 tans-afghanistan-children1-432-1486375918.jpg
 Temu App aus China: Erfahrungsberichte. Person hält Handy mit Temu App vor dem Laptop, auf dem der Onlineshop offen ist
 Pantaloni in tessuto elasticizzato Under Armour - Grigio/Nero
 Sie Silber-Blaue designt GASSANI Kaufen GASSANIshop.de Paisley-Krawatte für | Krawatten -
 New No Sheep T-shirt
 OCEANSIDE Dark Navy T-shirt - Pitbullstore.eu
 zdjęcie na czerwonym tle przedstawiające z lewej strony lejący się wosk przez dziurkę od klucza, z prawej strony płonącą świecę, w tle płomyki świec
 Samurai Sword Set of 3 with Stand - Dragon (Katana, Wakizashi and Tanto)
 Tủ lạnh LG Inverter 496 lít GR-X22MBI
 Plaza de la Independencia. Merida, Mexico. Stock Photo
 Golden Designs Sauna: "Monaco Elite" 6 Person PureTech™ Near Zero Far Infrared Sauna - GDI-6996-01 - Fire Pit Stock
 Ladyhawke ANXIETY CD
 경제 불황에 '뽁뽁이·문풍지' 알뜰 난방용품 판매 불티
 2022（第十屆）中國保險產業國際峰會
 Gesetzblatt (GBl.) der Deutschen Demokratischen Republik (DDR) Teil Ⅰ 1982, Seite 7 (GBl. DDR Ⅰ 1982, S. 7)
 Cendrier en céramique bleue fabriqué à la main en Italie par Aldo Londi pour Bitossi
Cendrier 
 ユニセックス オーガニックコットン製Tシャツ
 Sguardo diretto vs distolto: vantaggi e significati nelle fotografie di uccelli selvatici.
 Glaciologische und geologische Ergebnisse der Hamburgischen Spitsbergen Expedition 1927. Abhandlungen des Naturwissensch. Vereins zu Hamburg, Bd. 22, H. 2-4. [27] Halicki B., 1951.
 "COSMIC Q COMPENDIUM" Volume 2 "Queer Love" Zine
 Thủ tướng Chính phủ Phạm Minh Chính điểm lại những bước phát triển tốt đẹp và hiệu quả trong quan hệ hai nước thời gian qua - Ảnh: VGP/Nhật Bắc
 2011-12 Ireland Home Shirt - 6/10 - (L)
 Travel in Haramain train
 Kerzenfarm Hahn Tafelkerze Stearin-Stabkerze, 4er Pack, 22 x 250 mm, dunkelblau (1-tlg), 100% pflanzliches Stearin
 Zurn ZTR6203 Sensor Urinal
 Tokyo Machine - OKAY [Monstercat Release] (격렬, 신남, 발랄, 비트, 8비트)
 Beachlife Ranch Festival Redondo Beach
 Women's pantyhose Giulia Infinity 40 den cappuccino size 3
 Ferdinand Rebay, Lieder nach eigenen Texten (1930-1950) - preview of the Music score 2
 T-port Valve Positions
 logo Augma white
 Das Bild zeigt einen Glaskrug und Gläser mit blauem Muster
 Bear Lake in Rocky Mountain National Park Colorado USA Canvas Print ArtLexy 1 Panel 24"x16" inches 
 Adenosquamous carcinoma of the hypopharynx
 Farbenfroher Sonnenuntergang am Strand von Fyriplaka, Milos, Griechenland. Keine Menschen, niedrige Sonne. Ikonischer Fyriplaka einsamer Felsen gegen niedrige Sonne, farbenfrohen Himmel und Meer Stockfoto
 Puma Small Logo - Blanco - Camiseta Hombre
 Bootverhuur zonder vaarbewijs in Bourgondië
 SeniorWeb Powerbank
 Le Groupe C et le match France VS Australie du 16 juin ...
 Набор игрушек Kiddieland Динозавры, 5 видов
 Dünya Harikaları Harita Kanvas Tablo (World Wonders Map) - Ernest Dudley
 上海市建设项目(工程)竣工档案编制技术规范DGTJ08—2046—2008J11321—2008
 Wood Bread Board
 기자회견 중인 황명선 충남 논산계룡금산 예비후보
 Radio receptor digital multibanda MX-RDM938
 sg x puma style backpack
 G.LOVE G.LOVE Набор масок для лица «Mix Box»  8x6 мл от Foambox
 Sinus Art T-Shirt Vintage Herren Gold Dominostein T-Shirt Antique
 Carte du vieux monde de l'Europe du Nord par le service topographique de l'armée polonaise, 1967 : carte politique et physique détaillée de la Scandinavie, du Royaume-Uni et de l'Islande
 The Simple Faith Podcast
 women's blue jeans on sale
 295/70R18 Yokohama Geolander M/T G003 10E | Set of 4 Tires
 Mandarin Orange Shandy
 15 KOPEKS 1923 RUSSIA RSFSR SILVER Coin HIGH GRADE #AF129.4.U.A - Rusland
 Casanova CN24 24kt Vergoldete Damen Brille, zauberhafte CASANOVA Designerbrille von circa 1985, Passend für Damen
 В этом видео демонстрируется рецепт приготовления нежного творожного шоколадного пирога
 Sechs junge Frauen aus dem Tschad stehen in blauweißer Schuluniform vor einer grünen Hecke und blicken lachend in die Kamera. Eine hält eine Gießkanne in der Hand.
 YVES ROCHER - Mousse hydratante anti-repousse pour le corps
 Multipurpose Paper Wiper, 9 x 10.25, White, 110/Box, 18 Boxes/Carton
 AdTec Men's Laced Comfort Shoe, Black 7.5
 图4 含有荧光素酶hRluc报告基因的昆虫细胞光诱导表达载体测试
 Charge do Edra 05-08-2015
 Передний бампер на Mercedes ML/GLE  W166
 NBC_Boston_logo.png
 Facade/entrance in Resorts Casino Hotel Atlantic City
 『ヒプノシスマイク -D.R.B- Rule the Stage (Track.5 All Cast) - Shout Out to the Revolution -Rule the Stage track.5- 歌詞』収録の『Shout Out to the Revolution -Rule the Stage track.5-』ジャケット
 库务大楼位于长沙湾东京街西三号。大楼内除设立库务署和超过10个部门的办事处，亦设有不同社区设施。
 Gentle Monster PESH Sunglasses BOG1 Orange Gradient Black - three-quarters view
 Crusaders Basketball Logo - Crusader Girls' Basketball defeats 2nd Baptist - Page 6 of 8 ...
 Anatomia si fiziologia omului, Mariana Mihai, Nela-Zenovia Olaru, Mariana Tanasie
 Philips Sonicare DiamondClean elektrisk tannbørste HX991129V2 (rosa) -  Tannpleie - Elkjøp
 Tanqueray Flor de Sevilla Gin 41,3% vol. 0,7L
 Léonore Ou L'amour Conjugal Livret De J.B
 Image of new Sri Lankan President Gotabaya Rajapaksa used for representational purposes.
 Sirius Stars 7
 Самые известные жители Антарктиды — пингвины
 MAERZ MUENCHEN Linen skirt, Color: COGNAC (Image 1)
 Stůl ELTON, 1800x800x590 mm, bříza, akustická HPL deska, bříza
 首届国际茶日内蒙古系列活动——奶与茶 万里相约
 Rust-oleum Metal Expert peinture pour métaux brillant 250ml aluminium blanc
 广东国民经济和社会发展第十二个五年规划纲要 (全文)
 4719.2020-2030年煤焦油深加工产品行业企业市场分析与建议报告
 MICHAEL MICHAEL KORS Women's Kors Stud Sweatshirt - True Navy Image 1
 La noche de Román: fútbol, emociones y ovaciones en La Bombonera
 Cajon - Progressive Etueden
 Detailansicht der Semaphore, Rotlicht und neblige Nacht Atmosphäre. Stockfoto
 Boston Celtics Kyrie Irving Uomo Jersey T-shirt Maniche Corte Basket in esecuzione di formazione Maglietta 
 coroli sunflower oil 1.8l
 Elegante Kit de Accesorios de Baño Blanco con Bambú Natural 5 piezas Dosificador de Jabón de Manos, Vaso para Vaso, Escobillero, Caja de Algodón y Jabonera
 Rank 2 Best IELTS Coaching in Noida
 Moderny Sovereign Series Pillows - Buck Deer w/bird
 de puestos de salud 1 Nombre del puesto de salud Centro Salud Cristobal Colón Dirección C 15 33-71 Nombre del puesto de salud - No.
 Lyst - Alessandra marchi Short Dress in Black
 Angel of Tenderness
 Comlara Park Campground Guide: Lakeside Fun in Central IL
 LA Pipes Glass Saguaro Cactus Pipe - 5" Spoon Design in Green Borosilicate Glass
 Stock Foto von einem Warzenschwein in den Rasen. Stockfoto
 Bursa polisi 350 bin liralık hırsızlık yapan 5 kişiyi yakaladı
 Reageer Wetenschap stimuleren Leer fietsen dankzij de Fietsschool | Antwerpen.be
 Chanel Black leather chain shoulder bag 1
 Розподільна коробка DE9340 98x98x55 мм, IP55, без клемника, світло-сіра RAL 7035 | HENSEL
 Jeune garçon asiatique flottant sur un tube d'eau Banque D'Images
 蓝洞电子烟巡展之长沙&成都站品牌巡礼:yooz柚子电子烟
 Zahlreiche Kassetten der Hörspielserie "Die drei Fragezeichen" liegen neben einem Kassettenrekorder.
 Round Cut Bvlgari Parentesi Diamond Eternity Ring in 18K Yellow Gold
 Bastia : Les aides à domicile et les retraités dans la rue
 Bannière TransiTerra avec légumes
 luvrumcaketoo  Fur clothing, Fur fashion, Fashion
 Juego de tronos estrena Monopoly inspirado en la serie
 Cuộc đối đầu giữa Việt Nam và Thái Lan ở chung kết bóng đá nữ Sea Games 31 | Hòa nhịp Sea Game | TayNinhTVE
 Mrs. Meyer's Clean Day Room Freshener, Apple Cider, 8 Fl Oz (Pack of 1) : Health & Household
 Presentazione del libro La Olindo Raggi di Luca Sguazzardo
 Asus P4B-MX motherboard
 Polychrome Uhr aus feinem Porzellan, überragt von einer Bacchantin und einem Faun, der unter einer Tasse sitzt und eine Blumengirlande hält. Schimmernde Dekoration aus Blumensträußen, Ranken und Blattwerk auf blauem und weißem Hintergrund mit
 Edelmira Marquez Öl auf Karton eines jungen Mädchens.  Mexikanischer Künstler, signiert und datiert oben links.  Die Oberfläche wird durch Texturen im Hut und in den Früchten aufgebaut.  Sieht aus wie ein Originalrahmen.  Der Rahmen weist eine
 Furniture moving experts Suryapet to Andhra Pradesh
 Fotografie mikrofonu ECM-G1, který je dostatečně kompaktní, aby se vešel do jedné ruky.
******************************
▸ YOUR INSTRUCTIONS:
Find "Tokyo Machine - OKAY" in the entries above and copy that whole line exactly, then each line after it through the line that contains "Farbenfroher Sonnenuntergang am".

▸ ANSWER TO THE EXERCISE:
 Tokyo Machine - OKAY [Monstercat Release] (격렬, 신남, 발랄, 비트, 8비트)
 Beachlife Ranch Festival Redondo Beach
 Women's pantyhose Giulia Infinity 40 den cappuccino size 3
 Ferdinand Rebay, Lieder nach eigenen Texten (1930-1950) - preview of the Music score 2
 T-port Valve Positions
 logo Augma white
 Das Bild zeigt einen Glaskrug und Gläser mit blauem Muster
 Bear Lake in Rocky Mountain National Park Colorado USA Canvas Print ArtLexy 1 Panel 24"x16" inches 
 Adenosquamous carcinoma of the hypopharynx
 Farbenfroher Sonnenuntergang am Strand von Fyriplaka, Milos, Griechenland. Keine Menschen, niedrige Sonne. Ikonischer Fyriplaka einsamer Felsen gegen niedrige Sonne, farbenfrohen Himmel und Meer Stockfoto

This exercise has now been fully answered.